Lv, Zuobin (Tianjin Branch of CNOOC Ltd.) | Huo, Chunliang (Tianjin Branch of CNOOC Ltd.) | Ge, Lizhen (Tianjin Branch of CNOOC Ltd.) | Xu, Jing (Tianjin Branch of CNOOC Ltd.) | Zhu, Zhiqiang (Tianjin Branch of CNOOC Ltd.)
JZS oilfield is an offshore metamorphic rock fractured buried hill oilfield. It was put into development in July 2010. The overall production situation of the oilfield is good, but some problems have been exposed. The main performance is as follows: It is difficult to accurately characterize the heterogeneity of fracture space distribution; In the numerical simulation of fractured reservoir, it is impossible to accurately describe and predict the fracture flow of fluid channeling in corner point grid system.
In order to solve the above problems, this study presents a new integrated fractured reservoir geological modeling and numerical simulation research method based on unstructured grid. There are three key aspects to this method. (1) The multi-scale (large, middle and small) discrete fracture system is established by combining outcrop measurement data with well point information and seismic attributes. On the basis of post-stack 3D seismic data, ants attributes are extracted, then the ant body results are transformed into large scale fractures; Using azimuth anisotropy attribute based on pre-stack inversion and combining the distribution orientation of large-scale fractures, the middle-scale fractures are established; According to the power law distribution relation between the cumulative frequency and the fracture length of large scale and small scale which based on outcrop observation, the imaging logging data and pre-stack inversion azimuth anisotropy attribute, small scale fractures are constructed by DFN technology.(2) For multi-scale fractures, the unstructured grid division technique is used to build a 3D model that conforms to the heterogeneity of dual media.
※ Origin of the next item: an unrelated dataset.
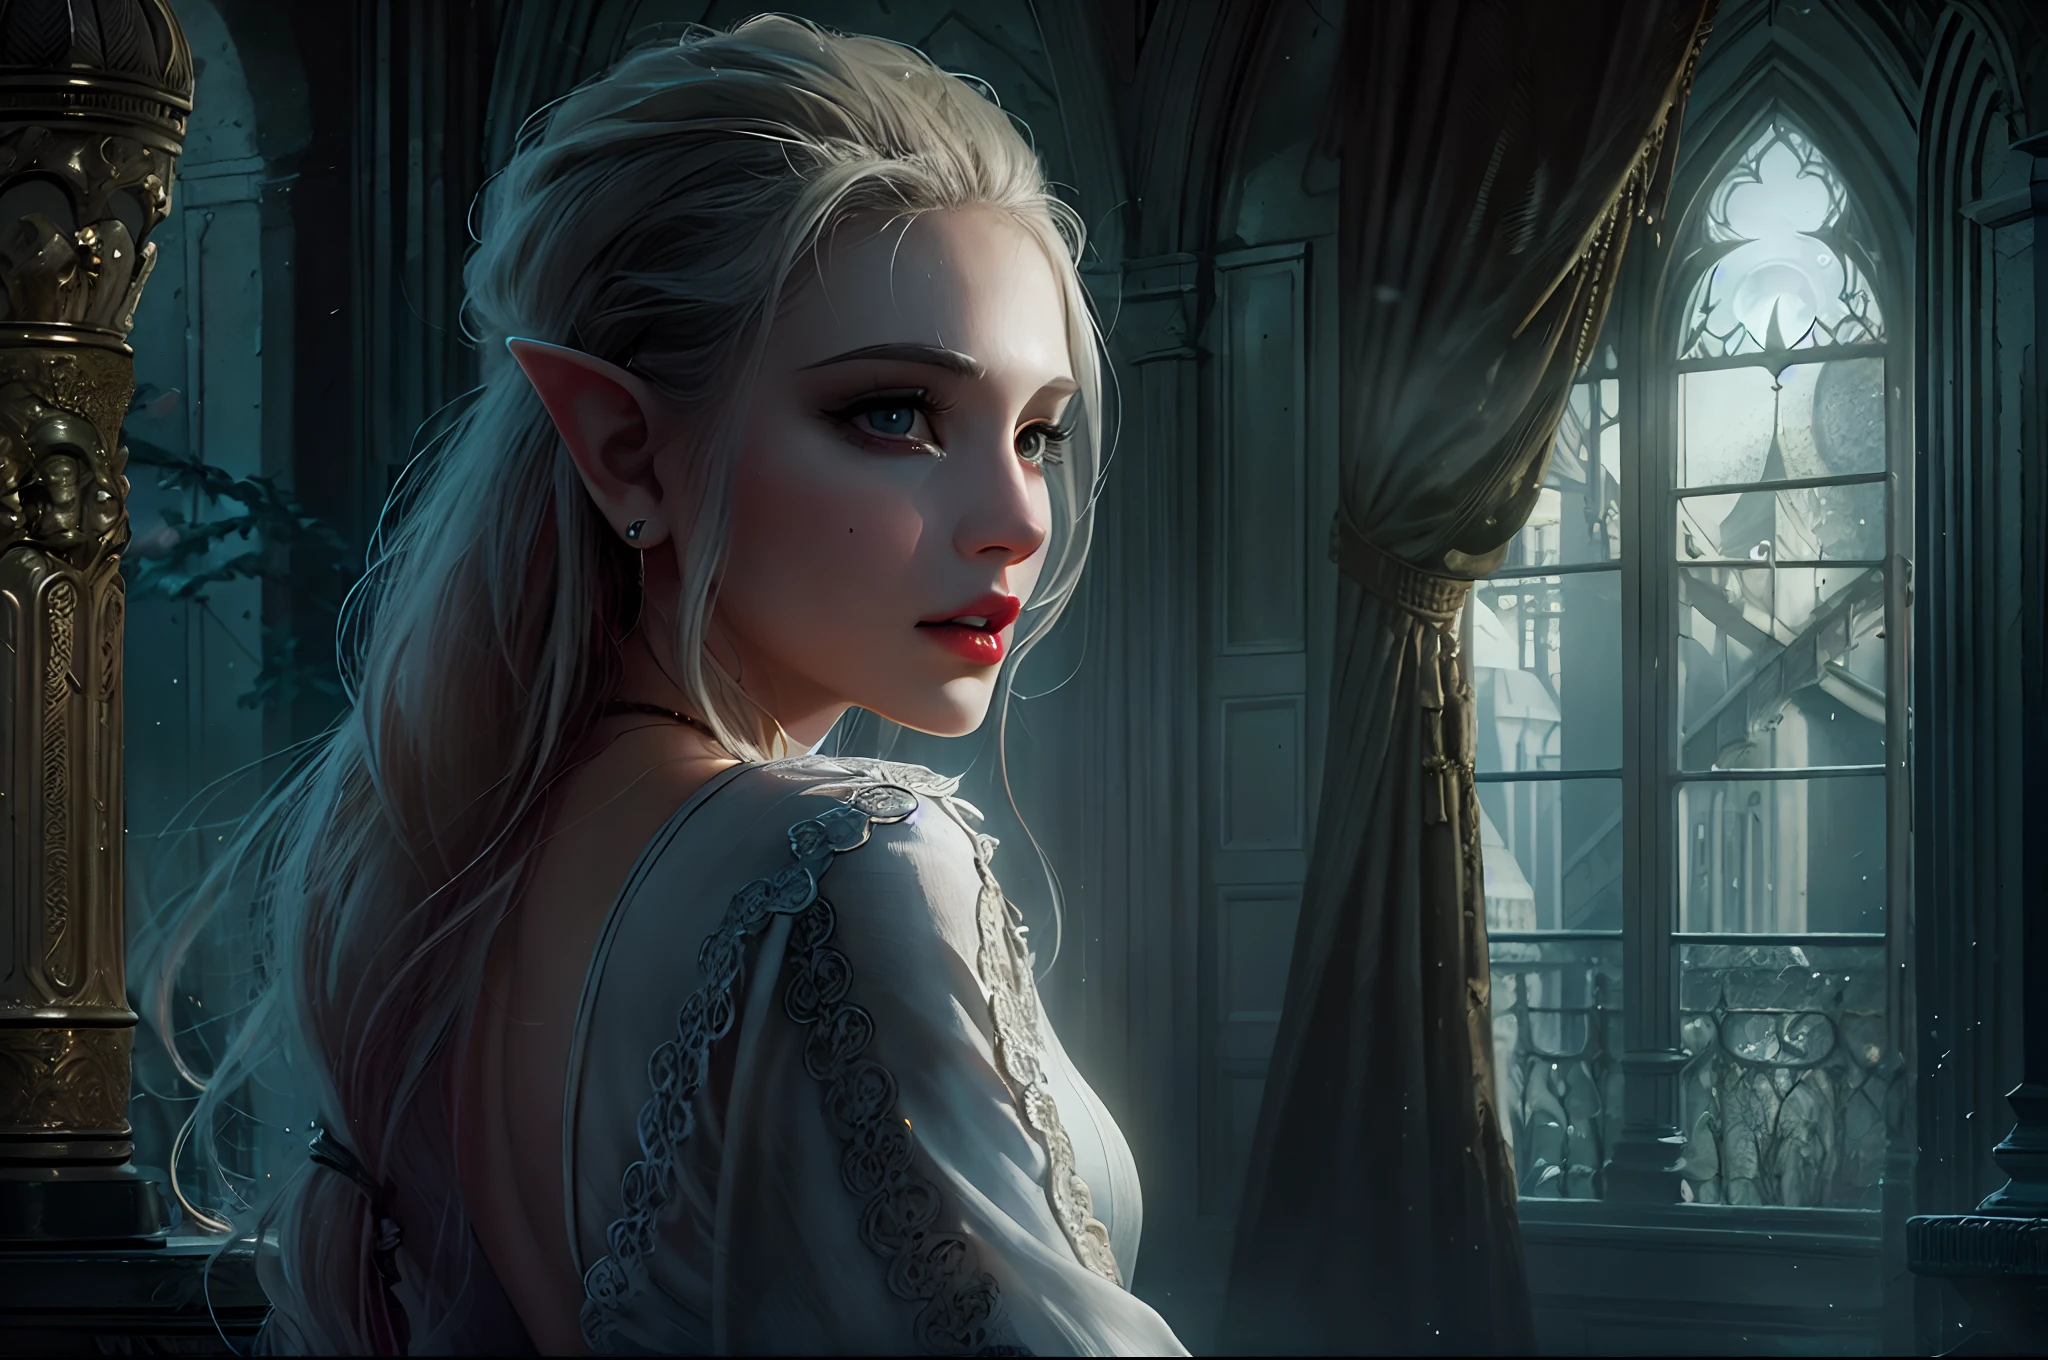 a picture of vampire elf in her castle, an exquisite beautiful female vampire elf in her library,  full body (ultra detailed, Masterpiece, best quality), ultra detailed face (ultra detailed, Masterpiece, best quality), grey skin, blond hair, hair in a ponytail, long hair, blue eyes, cold eyes, glowing eyes, intense eyes,  small pointed ears, smirking, smile with [drops of blood on face] (ultra detailed, Masterpiece, best quality), dark red lips, [vampire fangs], wearing white dress (ultra detailed, Masterpiece, best quality), dark blue cloak, high heeled boots in dark fantasy library, book shelves, high details, best quality, 8k, [ultra detailed], masterpiece, best quality, (ultra detailed), full body, ultra wide shot, photorealism, julie bell, dark fantasy art, moon light coming through the window, moon rays, gothic art, sense of dread, sense of seduction

In this study, a layered triangular prism grid generation technique is proposed. It is used to establish model of multi-scale fractures based on unstructured grid. Using large-scale fractures as a constraint, full 3D unstructured grid model is set up, and the discrete fracture model can accurately describe the fracture system and the coupling relationship between matrix and the fracture;(3)The triple-medium numerical simulation of the reservoir in the study area is carried out by using the automatic history fitting technology of ensemble kalman filter (EnKF). After several parameter adjustments, both the coincidence rate of the index and the fitting precision are higher than before.
Multi-scale discrete fracture model based on the large-scale fractures discretization processing, equivalent medium processing to middle and small scale fractures, keeps the seepage characteristic of the large-scale discrete fractures model and ensures the calculation efficiency. The results show that the new method has obvious advantages in computing speed and that the fitting effect is closer to the actual production performance.